Tuesday, May 22, 2012


Got a few free hours this week? Then you might want to spend them reading the labels on your various beauty/personal care products and tossing out anything that contains triclosan.

An antibacterial and antifungal agent, triclosan has long been criticised for the negative impact it might be having on the water system (not all water treatment plants remove down the chemical, which is toxic to many forms of aquatic life) as well as its connection to antibiotic resistance (in 2009, the Canadian Medical Association called for banning it for household use).

But it’s the chemical’s possible impact on the human body, it’s a suspected carcinogenic, that’s put it back in the spotlight. The Toxic Program Manager with Environmental Defence recently ran a small study that showed that seven out of eight of its human volunteers carried levels of triclosan that were not only detectable in their urine but also, on average, above the level that’s toxic to aquatic animals. While this study was quite small and the first of its kind in Canada, previous US studies have showed similar results.

The study was spurred by a preliminary review of triclosan that was recently wrapped up by federal government. According to this review, triclosan doesn’t pose a risk to human health at current levels of use. However, the federal government is going to discuss the idea of voluntary reduction in the use of triclosan with the personal care industry.

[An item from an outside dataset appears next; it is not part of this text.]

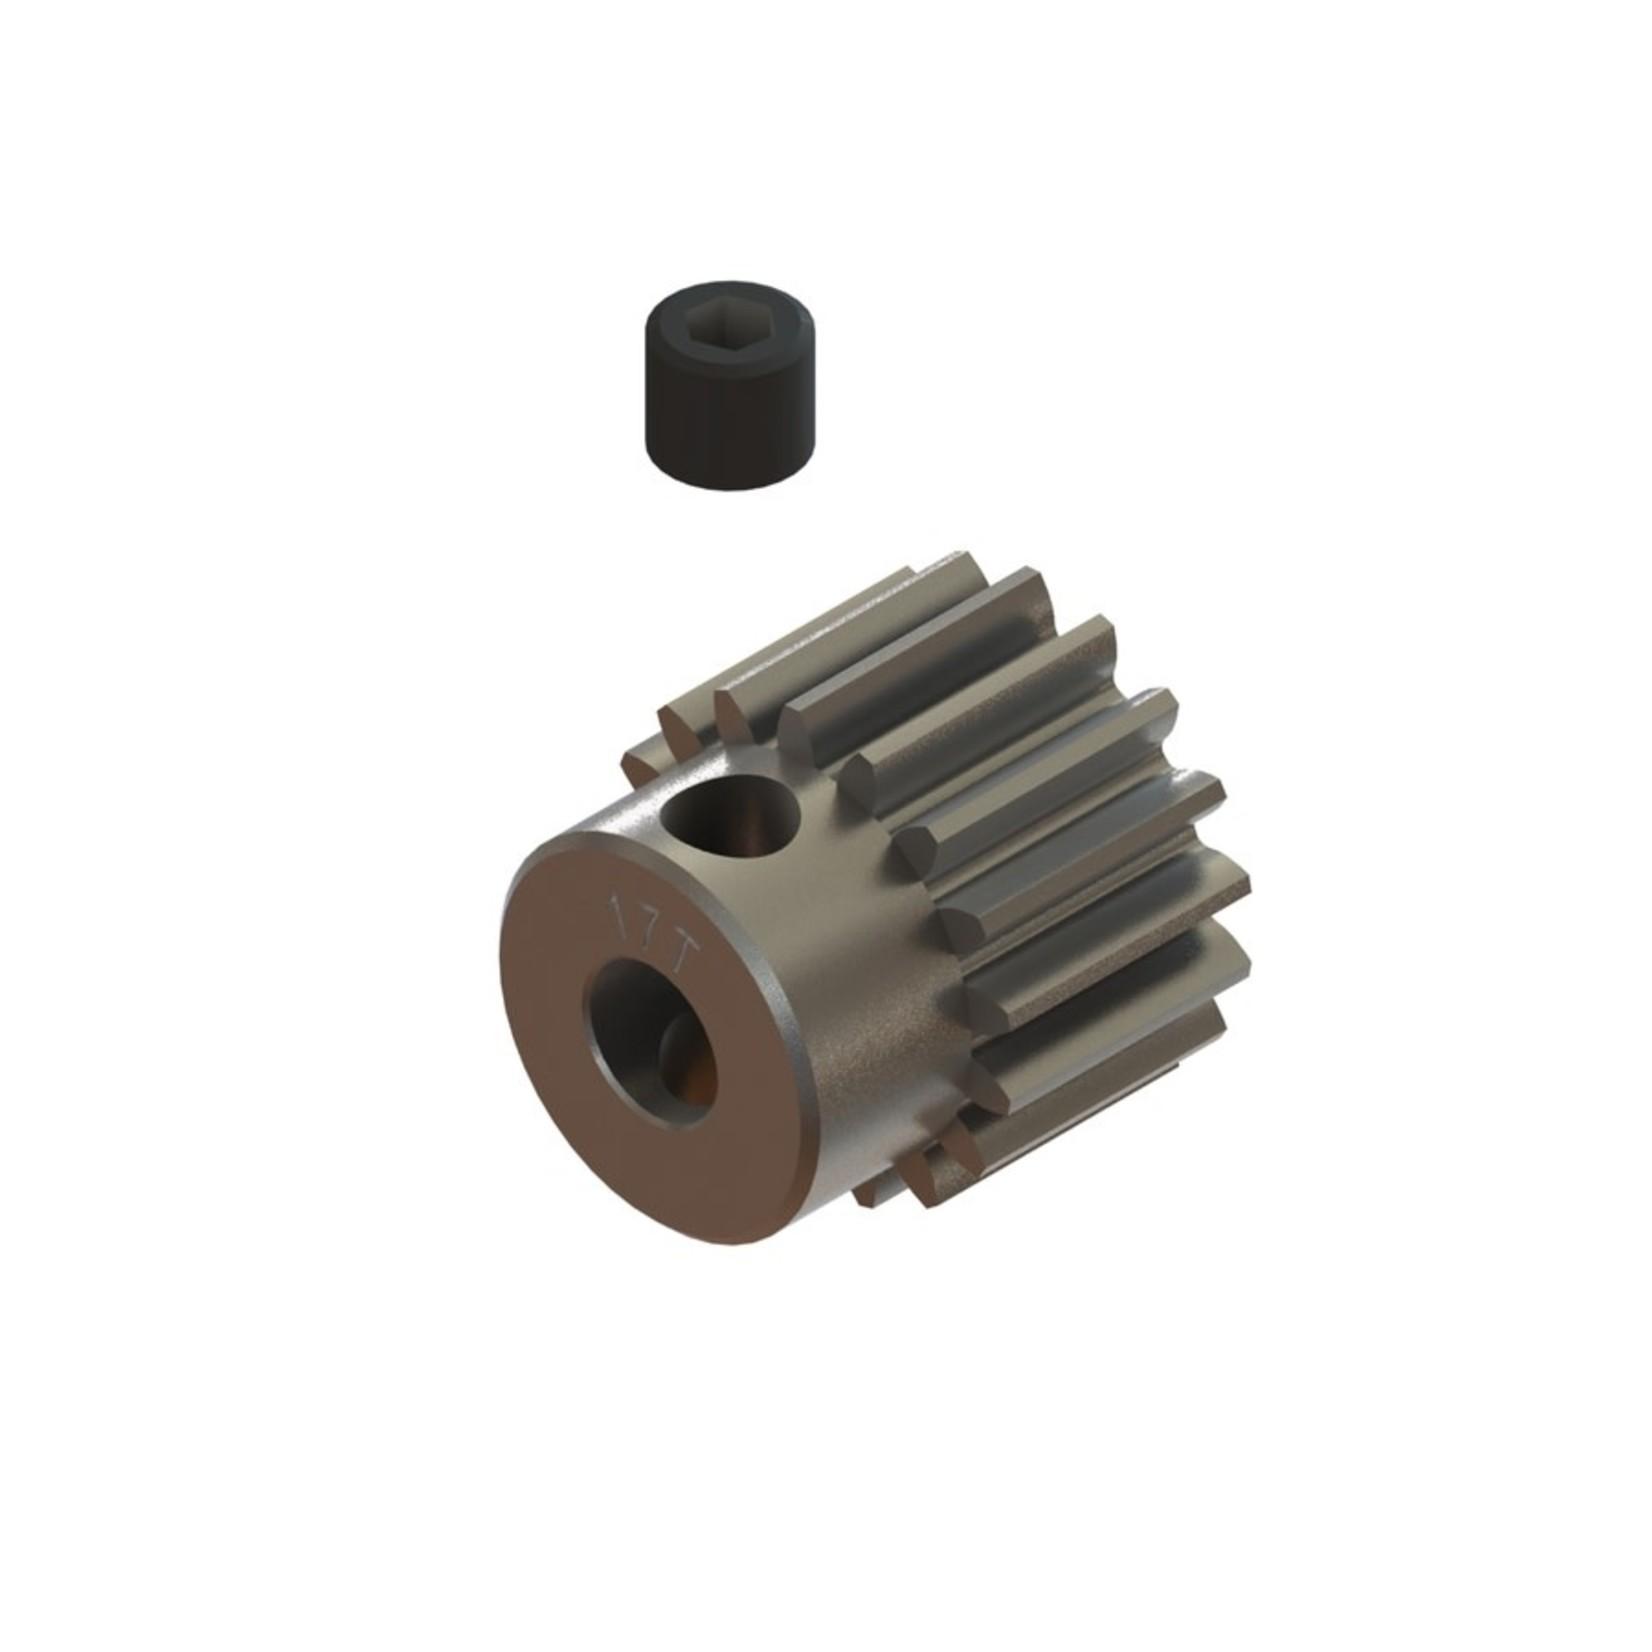 ARRMA AR310383 Arrma Pinion Gear 17T 48DP Mega 4x4

Until that happens, you might want to put your own reduction in place. According to this Montreal Gazette piece, “1,600 cosmetics and personal care products in Canada” contain triclosan and if you love anything labelled “antibacterial” you might find that you own a lot of things that contain this chemical.

I found it lurking in a bottle of Clean & Clear’s Foaming Facial Cleanser I picked up earlier this year. While I did read the label prior to buying it, I didn’t remember that triclosan was a bad thing.  For awhile I was using this product several times a week until something clicked in my brain and I remembered the antibiotic resistance connection. I then scaled back my use of this product to only after particularly sweaty sessions at the gym or on the dance floor (and the fact that the bottle made it to mid-May and was still almost half full tells you how often those happen).

But after reading The Toxic Program Manager with Environmental Defence’s report, that face wash is now in the garbage and I will now definitely be remembering what triclosan is.

Yes, yes, I know, everything causes cancer. But not everything kills fish and while Clean & Clear’s Foaming Facial Cleanser was an effective face wash, there are others out there that are just as good and triclosen-free.